In the case where the protective film is removed by light irradiation, ozone is generated by decomposing the constituent components of the protective film by ultraviolet rays, and the constituent components of the protective film are oxidized and volatilized by the ozone. It is shorter, so it is especially good. As the light source, a low pressure mercury lamp, an excimer lamp or the like can be used. Further, it is also possible to perform heating by irradiating the wafer while performing light irradiation.

In the case of heating the wafer, it is preferred to heat the wafer at 400 to 1000 ° C, preferably 500 to 900 ° C. The heating time is preferably carried out at a temperature of from 10 seconds to 60 minutes, preferably from 30 seconds to 10 minutes. Further, in this step, ozone exposure, plasma irradiation, corona discharge, or the like may be used in combination. Further, it is also possible to perform light irradiation while heating the wafer.

The method of removing the protective film by heating includes a method of bringing the wafer into contact with a heat source, a method of placing the wafer in a heated environment such as a heat treatment furnace, and the like. Furthermore, the method of placing the wafer in a heated environment is even In the case where a plurality of wafers are processed, it is easy to uniformly apply energy for removing the protective film to the surface of the wafer, and in this respect, it is industrially simple in that the processing is simple and the processing can be completed in a short time. Favorable method.

In the case where the wafer is exposed to ozone, it is preferable to supply ozone generated by ultraviolet irradiation such as a low-pressure mercury lamp or low-temperature discharge using a high voltage to the wafer surface. The wafer can be exposed to light while exposed to ozone, and can be heated.
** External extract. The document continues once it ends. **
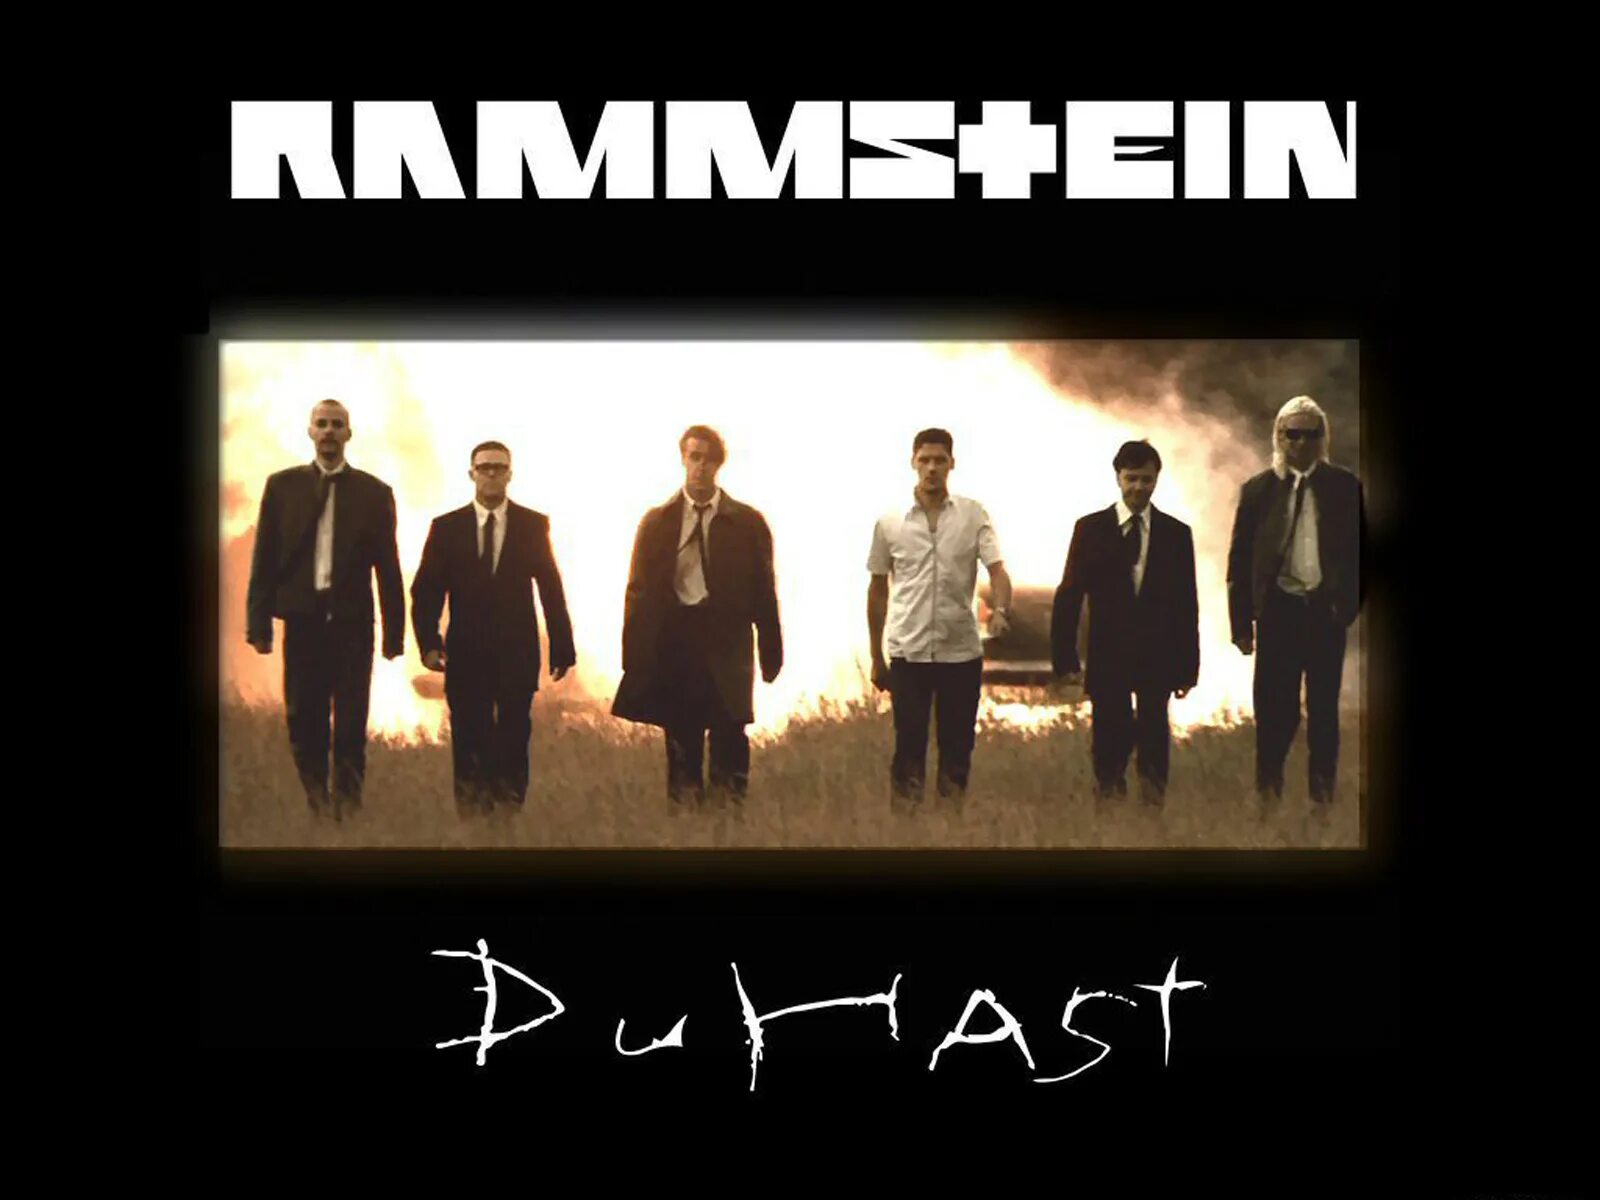 Текст песни рамштайн ду. Группа рамштайн духаст. Rammstein du hast обложка. Рамштайн Ду. Rammstein du hast.

In the film removal step, the protective film on the surface of the wafer can be effectively removed by combining the above-described light irradiation, heating, ozone exposure, plasma irradiation, and corona discharge.

Example

A cleaning liquid in which the surface of the wafer is formed into a surface having a concavo-convex pattern and replaced with at least a concave portion of the concave-convex pattern by another cleaning liquid has been studied in other literatures and the like, and is an established technique. In the invention, the evaluation of the chemical solution for forming a protective film is performed. Further, as shown by the following formula P = 2 × γ × cos θ / S (where γ is the surface tension of the liquid held in the concave portion, and θ is the contact angle of the surface of the concave portion with the liquid held in the concave portion, S is the width of the recess)

As is clear, the pattern collapse depends mostly on the contact angle of the cleaning liquid with the wafer surface, that is, the contact angle of the droplets, and the surface tension of the cleaning liquid. In the case of the cleaning liquid held in the concave portion 4 of the concave-convex pattern 2, the contact angle of the liquid droplets may be related to the capillary force acting on the concave portion equivalent to the pattern collapse, and thus may also be of the above formula. Comment on the contact angle with the droplets of the protective film 10. The price is derived from the capillary force. Further, in the examples, water as a representative of the aqueous washing liquid is used as the washing liquid. If it is assumed that the contact angle is 50 to 130° when water is held on the surface of the protective film, pattern collapse is less likely to occur, and therefore, if it is 65 to 115°, pattern collapse is less likely to occur. Especially good.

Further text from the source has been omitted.